Plague number two: October 2009, in the Eastern district of Bududa. Mudslide buries over 2000 people in 2 villages inhibiting the slopes of mountain Elgon, a tragedy that left over 3000 people destitute, homeless and bereaved.
The government was forced to declare a public holiday for Ugandans to mourn those who perished in the landslide. Climate Alert’s quickly casted the disaster to the “list of the deadliest mudslides of all times.”
The menace was linked to rampant deforestation of the steep slopes for wood-fuel production and farming space. When torrential rains resulting from the changing weather patterns hit the bare mountain slope, it fell apart upon the villages.
National Environmental Management Authority (NEMA) sent outcries to the public to conserve forests. The local watchdog had noticed the size of forest cover had declined over time in an alarming rate. It was estimated that there was an annual forest loss of 88,638 hectares per year from 1990-2005nationwide corresponding to pressure to provide livelihoods and economic benefits.
International watchdogs also barked. World Bank Group in partnership with Korea Green Growth Partnership published a 60 paged document, Promoting Green Urban Development in African Cities with critical concerns that Urban Africa has seriously lost much of its green vegetation.
Focusing on Uganda, former public spaces and parks in Kampala and other towns have been mysteriously converted into other urban uses such as erection of tall buildings.
Another plague was brought to light more recently during the Paris Climate summit. Moments of silence shifted to live images of the receding snowline at two summits of Uganda’s Rwenzori Mountains: Margherita and Edward.
The images, beamed into the summit by a team of seasoned mountaineers on location atop the Rwenzori, helped cover the melting glaciers as a consequence of warming planet.
Among the images streamed through at the summit included an expanse of the mountains’ vegetation that was razed by a wild fire late 2014 that lasted almost a week, following a spell of close to a month without rainfall on the mountains that are also a UNESCO heritage site.

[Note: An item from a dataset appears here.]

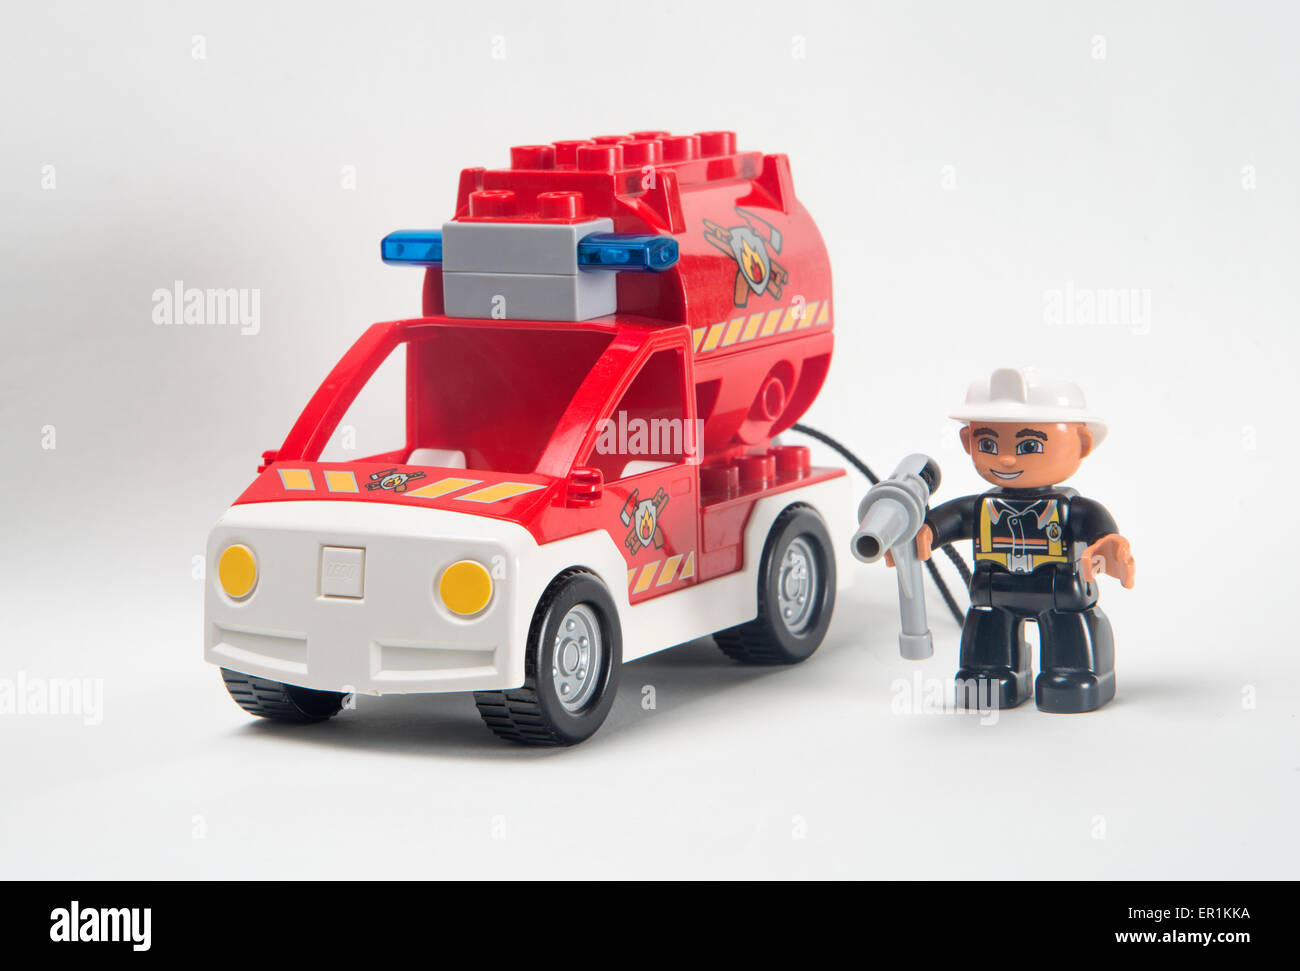 Lego Duplo High Resolution Stock Photography and Images - Alamy

“The Rwenzoris are known to experience heavy rainfall at least twice every week, and long spells without rain on the mountains are a stark indicator of the effects of climate change,” says Tim Jarvis, the ambassador of World Wide Fund for Nature, Australia, and leader of the four-man crew of mountaineers who streamed live to the summit from the Rwenzoris.
This is the heavy price we are paying encroaching the nature. If we want a greener future for the generation to come, it is important we combat climate change from its roots. This would render cutting down all various fossil consumption of all sorts and focusing on renewable energy investment.
A greener country and a brighter future will lean on the raptures of renewable energy miracles, a trance that will break the bondage of carbon dioxide karma, as a contribution to the united effort to achieve the major goal of an agreement reached last year in Paris—to stop climate change and keep the temperature increase below 1.5 degrees.
Such huge efforts to heal the country mean small, small contributions. Works will need to be focused activities like conservation and enhancement of forest landscapes, reclaiming waste lands hence restoring biodiversity; livelihoods, and economic opportunities which they support.
Doing, one of the most pertinent goals of Paris climate summit, “Pledging to create one new ecosystem for every ecosystem destroyed by climate change,” will be deliberately met to avoid more unknown plagues.